This isn’t about Trump being guilty or innocent—everyone deserves due process and the presumption of innocence. But that’s not what Ed is arguing. Ed isn’t saying “let’s wait for evidence.” He’s saying the same action he condemned in others is acceptable when his chosen leader does it.
The Pattern Is Identical
The parallel between Ed’s scientific cherry-picking and his political hypocrisy is exact. In both cases, Ed starts with his conclusion:
✗ Climate change is a hoax
✗ Democrats are evil
✗ Trump is good
Then he searches for evidence that supports these predetermined beliefs while ignoring, dismissing, or explaining away everything that contradicts them.
- One study outweighs 100,000
- One exception breaks the rule
- Global conspiracy theories explain away international scientific consensus
The methodology is identical across topics.
What Cherry-Picking Actually Costs Us
In science, cherry-picking leads to bad policy:
- Climate denial while the planet warms
- Vaccine hesitancy while preventable diseases return
- Public health failures during pandemics
- It sacrifices collective wellbeing for individual comfort
In politics, cherry-picking produces something arguably worse: selective morality. Principles that apply only to enemies and never to allies. Where protecting children matters until it doesn’t. Where crime is unforgivable unless the right person commits it.

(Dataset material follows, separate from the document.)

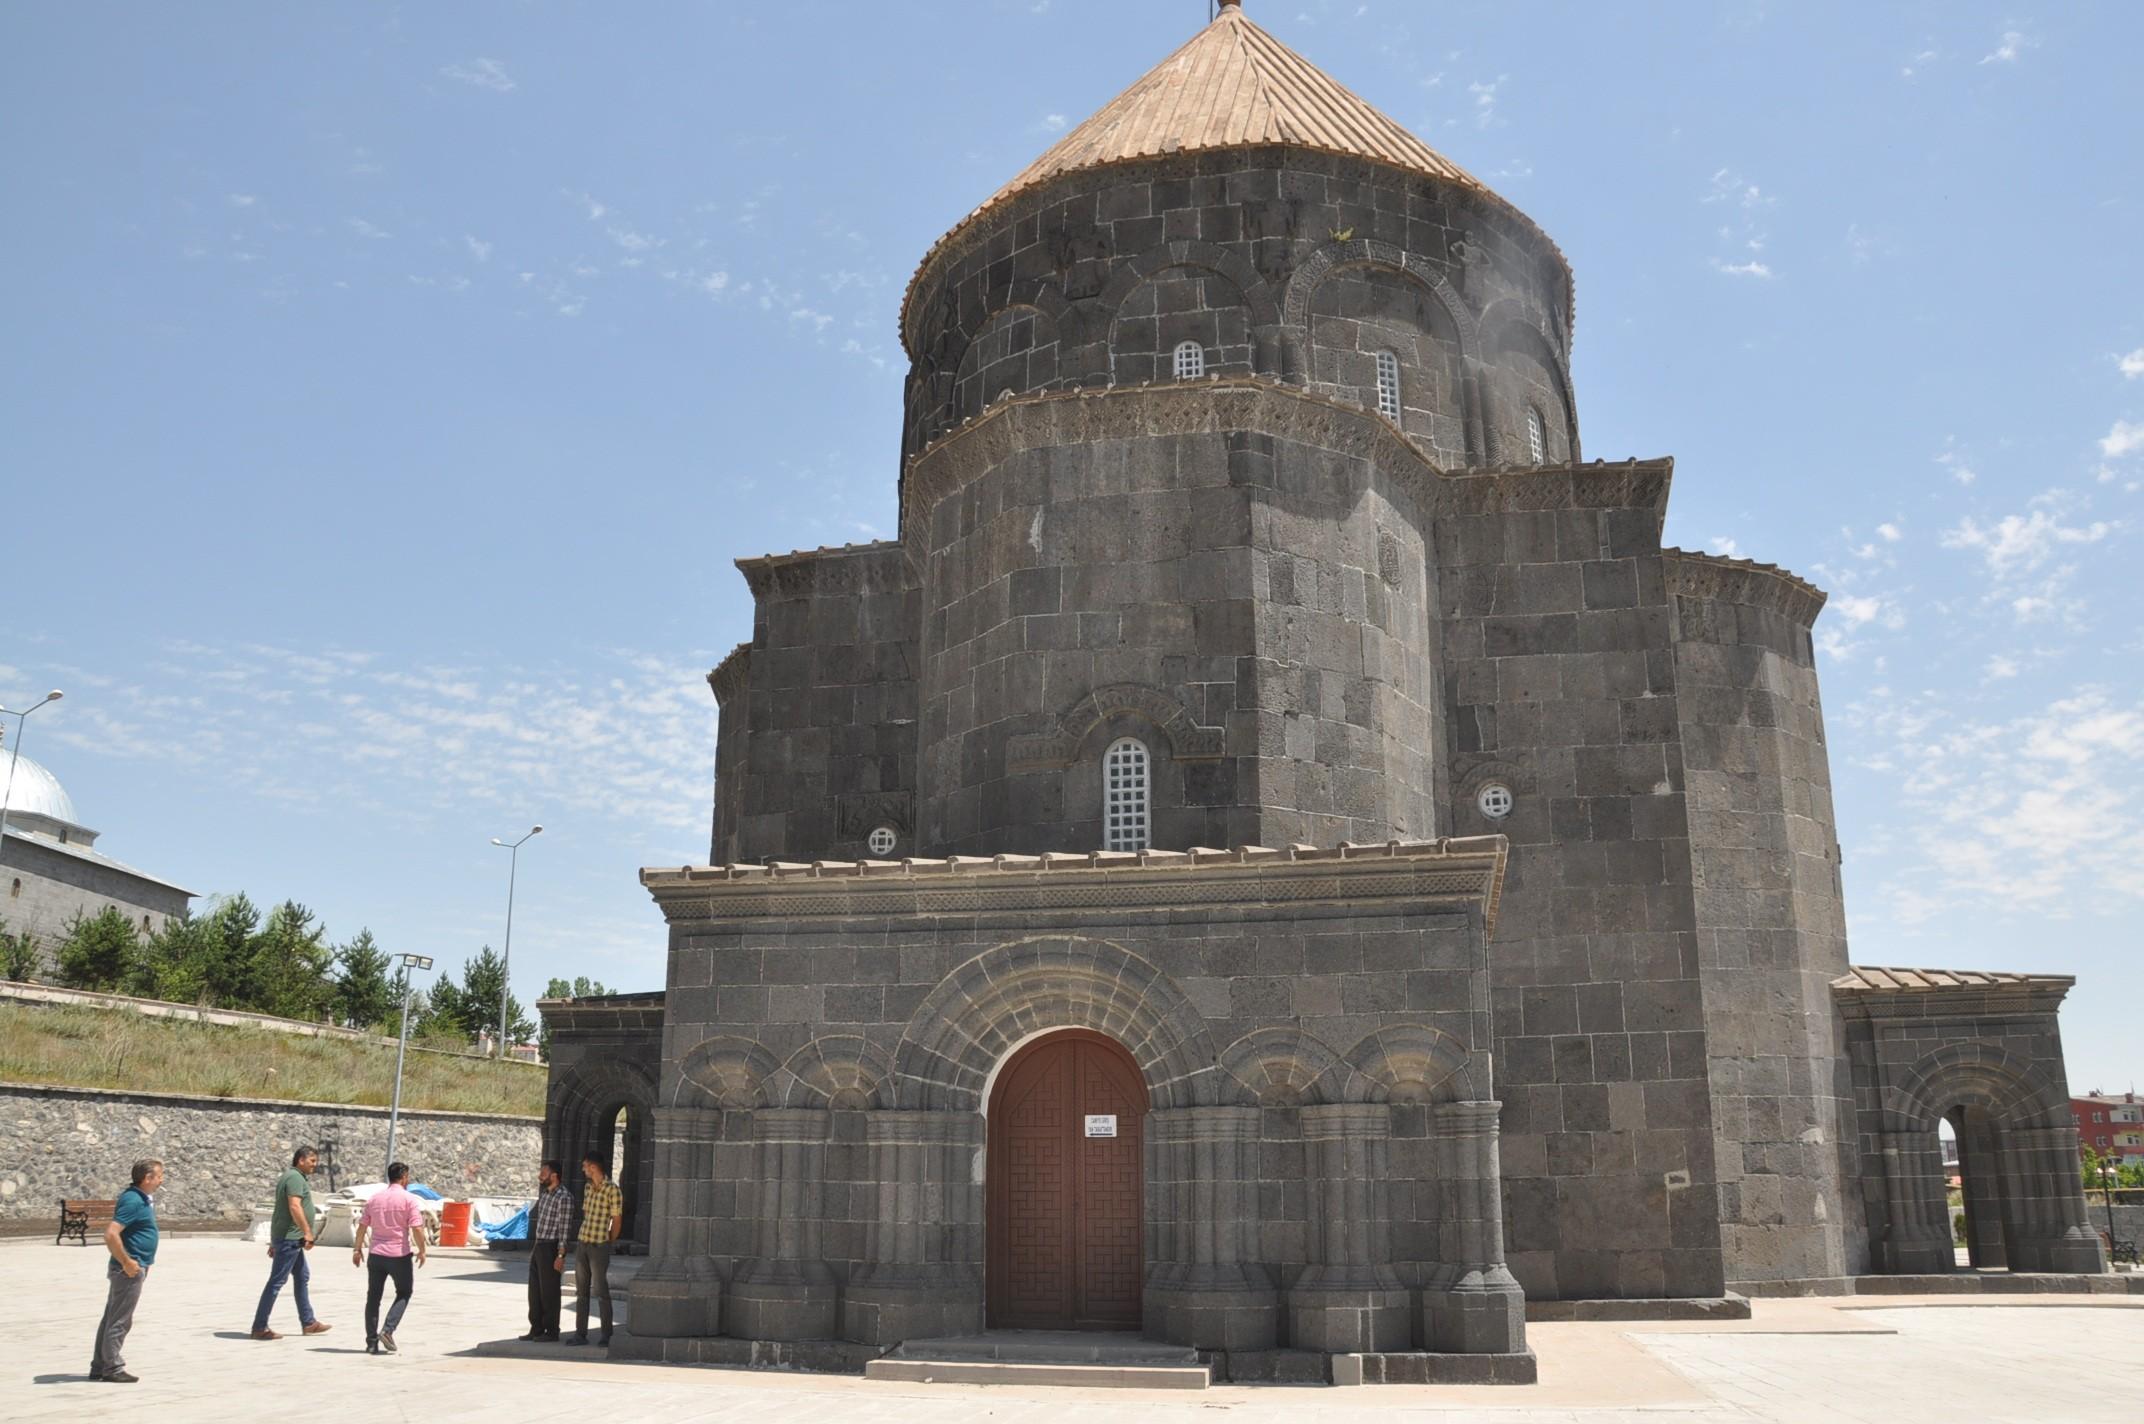 karsli-turizmciler-kumbet-camii'nin-muze-olmasini-istiyor-(2).jpg

This isn’t really a political position. Its tribalism dressed up as ideology, team sports pretending to be philosophy.
The Safeguards We Need
The scientific community has built-in safeguards against cherry-picking:
- Peer review – Other experts scrutinize methodology and findings
- Replication studies – Results must be reproducible by independent teams
- Meta-analyses – All available evidence gets weighed, not just convenient fragments
- International collaboration – Findings verified across borders and funding sources
We need similar personal safeguards in our thinking:
✓ Apply principles consistently – Regardless of who violates them
✓ Criticize your own side – When they do wrong
✓ Follow evidence – Even when it’s uncomfortable
✓ Show intellectual humility – Admit when you’re wrong
✓ Recognize global consensus – When thousands of independent researchers agree
What We Can Do Instead
The rest of us can do better.
We can recognize cherry-picking when we see it, whether dressed up in scientific language or political rhetoric. We can demand consistency—from ourselves first, then from others. We can value truth over comfort.

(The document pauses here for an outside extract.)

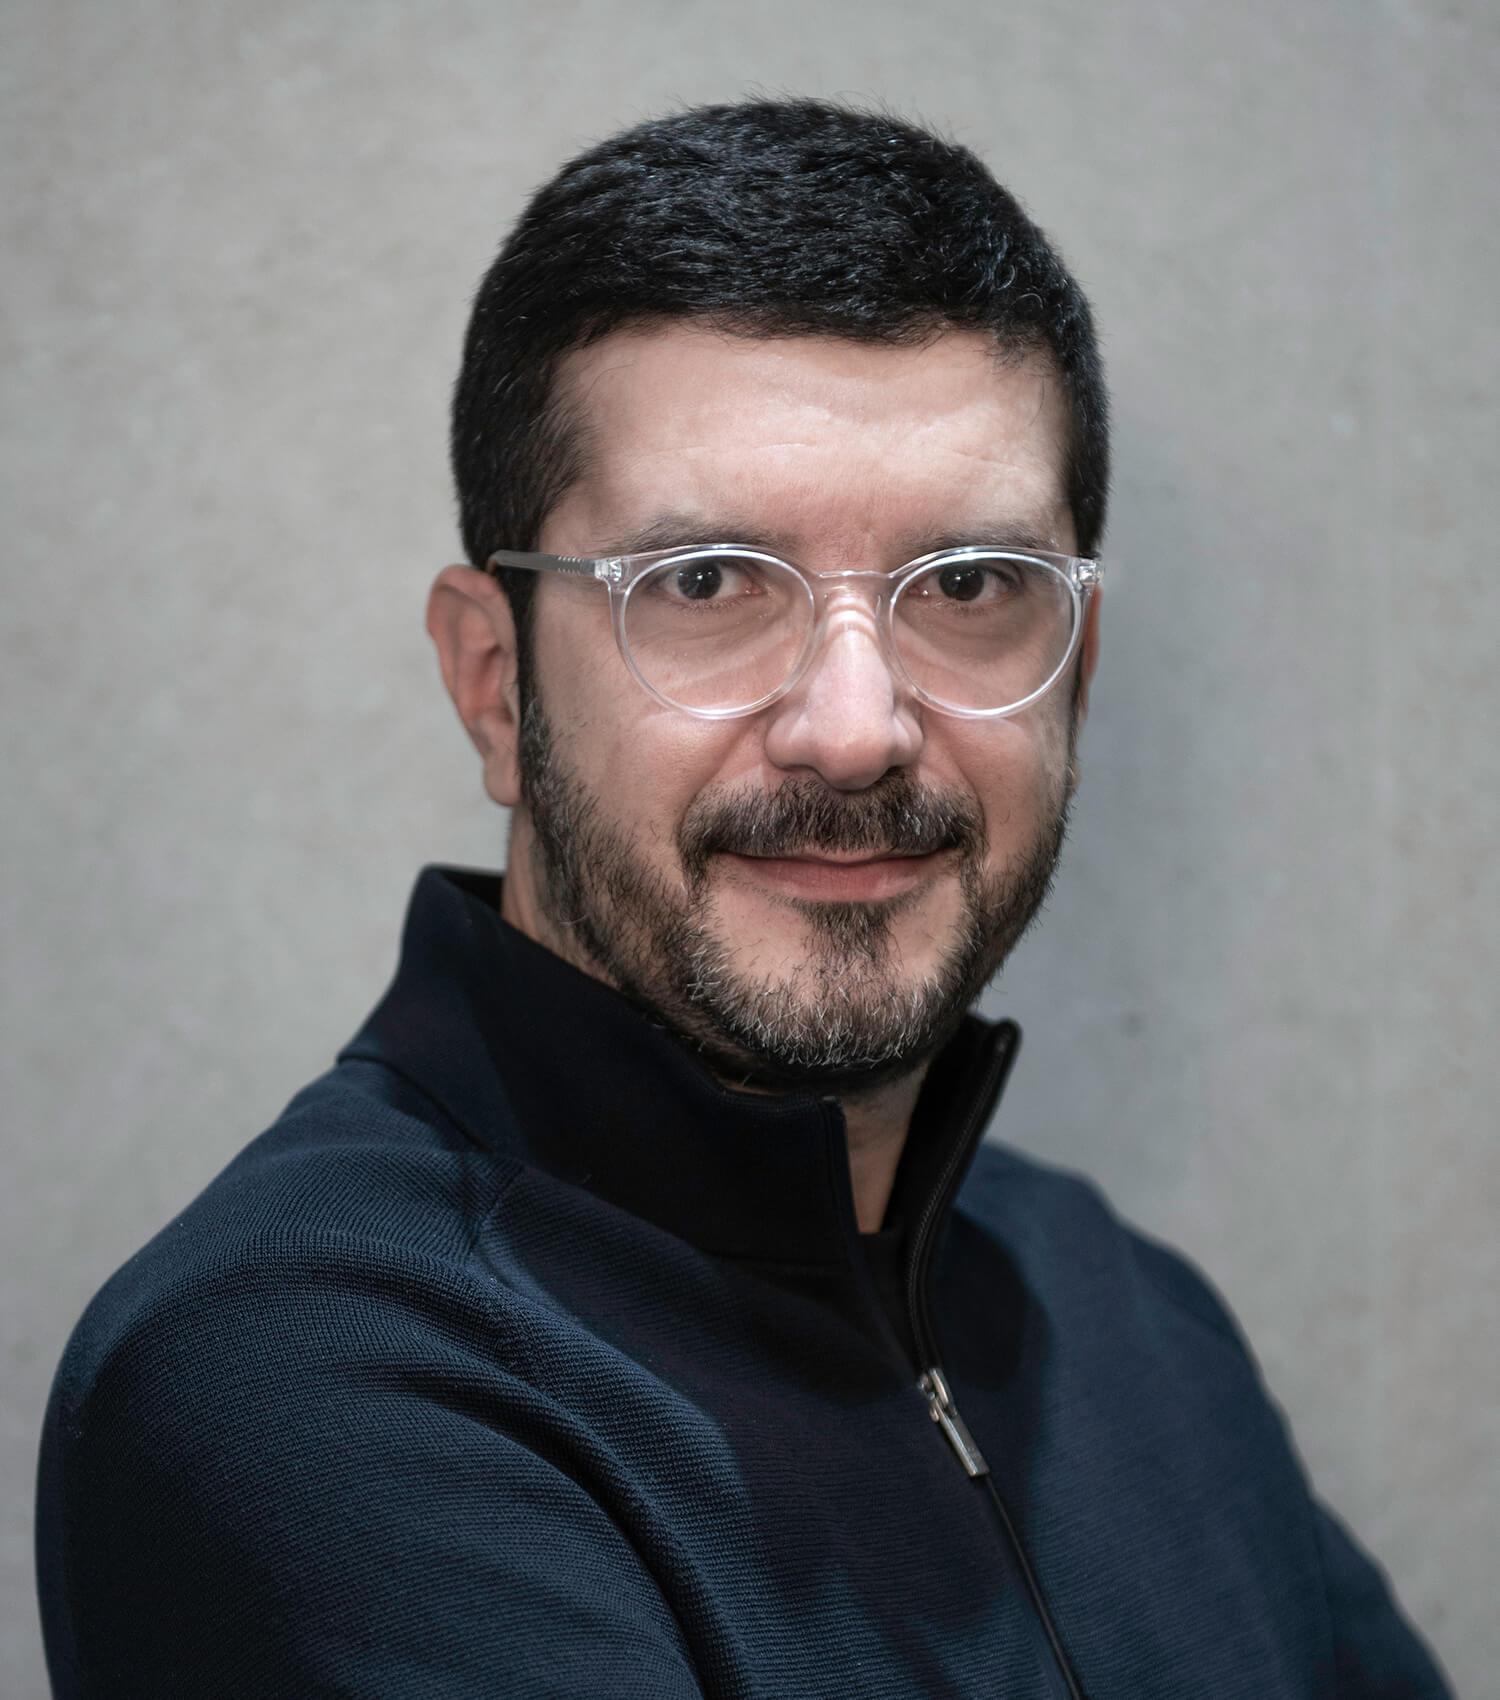 Βασίλης Μαθιουδάκης - Δημιουργική ΕΠΕ

We can acknowledge that science is a global enterprise, not an American political tool. We can accept that sometimes the evidence points somewhere we didn’t expect, and that’s okay. Actually, that’s how we learn.

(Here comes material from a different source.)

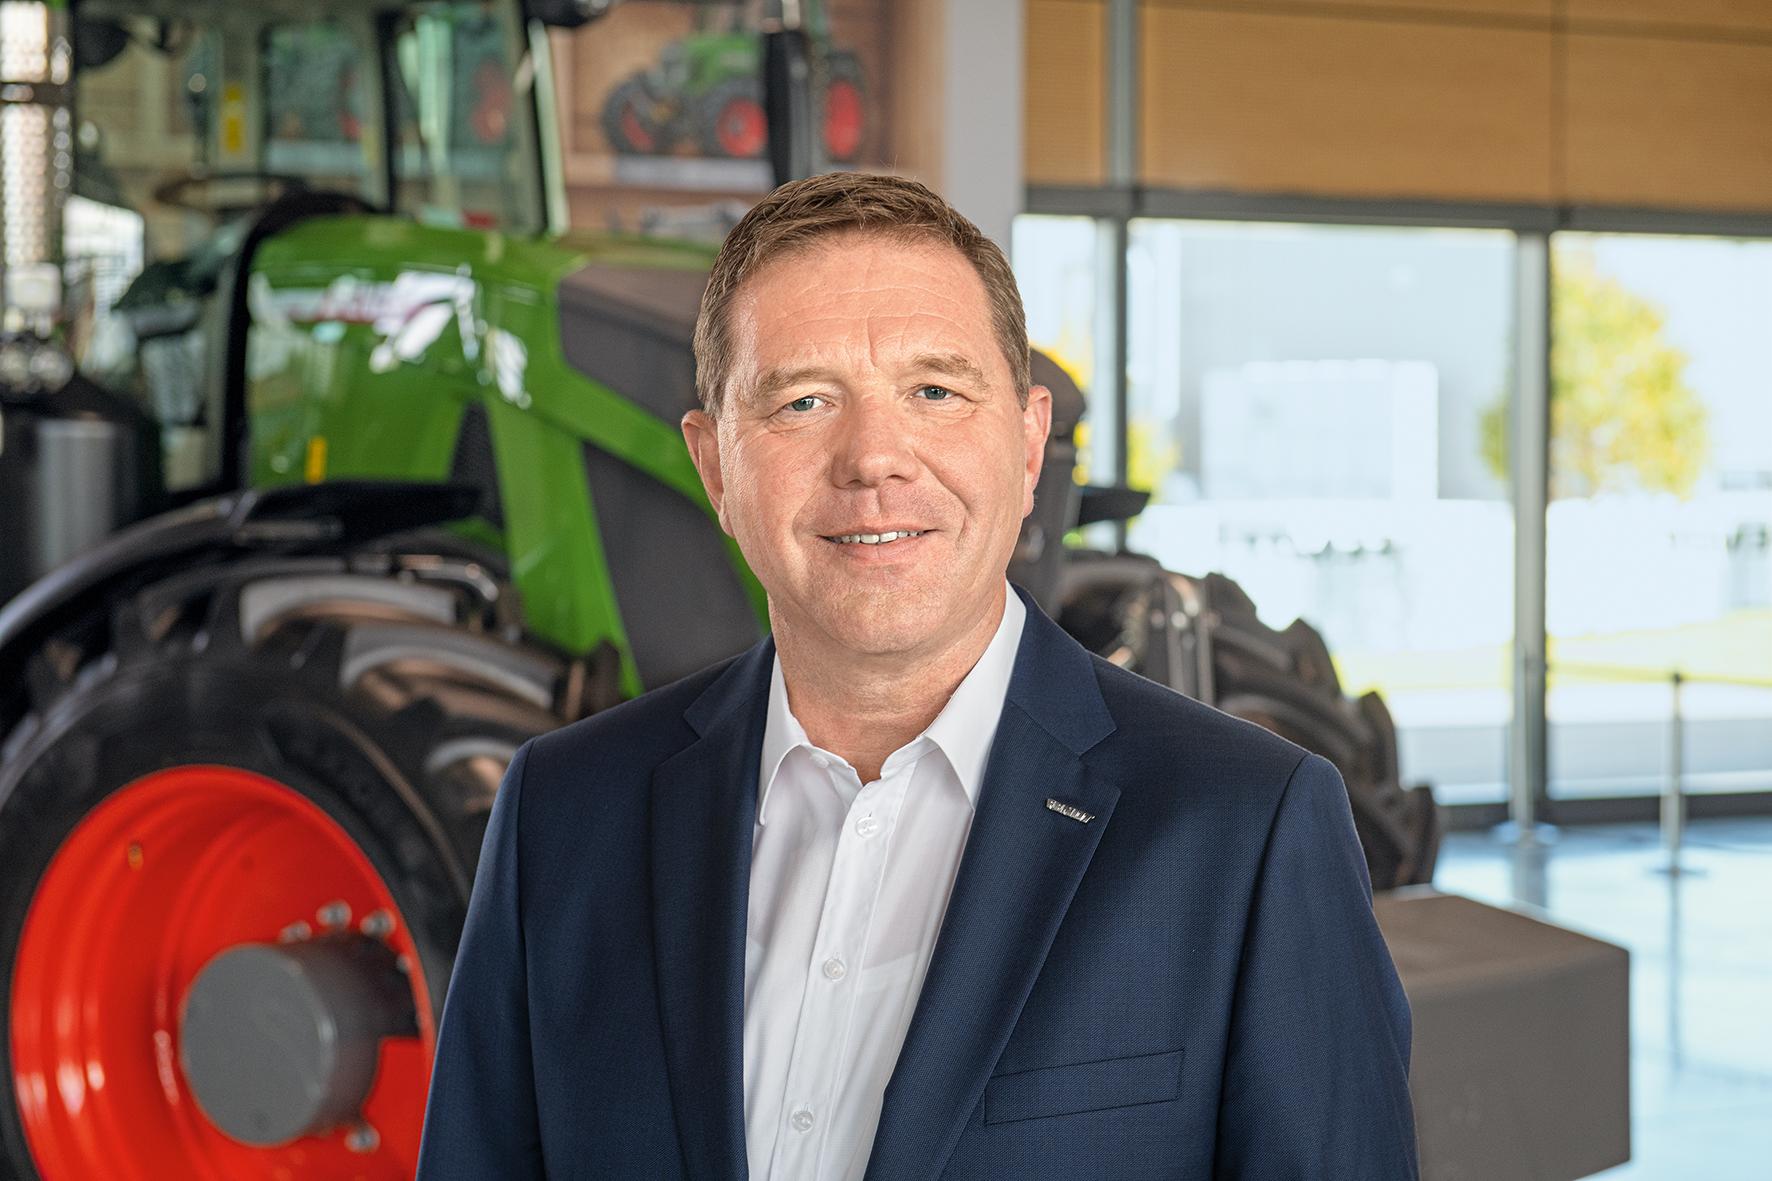 Christoph Gröblinghoff, Vorsitzender der AGCO/Fendt Geschäftsführung|copyright: AGCO Fendt

That’s the difference between seeking truth and seeking confirmation. One requires courage and humility. The other just requires a search engine and willingness to ignore everything you don’t want to see—including the entire rest of the planet.
Ed has the search engine. He lacks everything else.
And honestly? That’s something we should all watch for in ourselves. Because we’ve all got a little bit of Ed in us—that part that wants to be right more than it wants to be accurate. The part that finds the one study, the one quote, the one exception that proves we were correct all along.
The question is whether we’re willingto notice when we’re doing it. And whether we’re brave enough to stop.
Frequently Asked Questions
Q: What is cherry-picking in research?
A: Cherry-picking is the practice of selecting only the data or studies that support your pre-existing belief while ignoring the larger body of evidence that contradicts it. It’s a form of confirmation bias that masquerades as research.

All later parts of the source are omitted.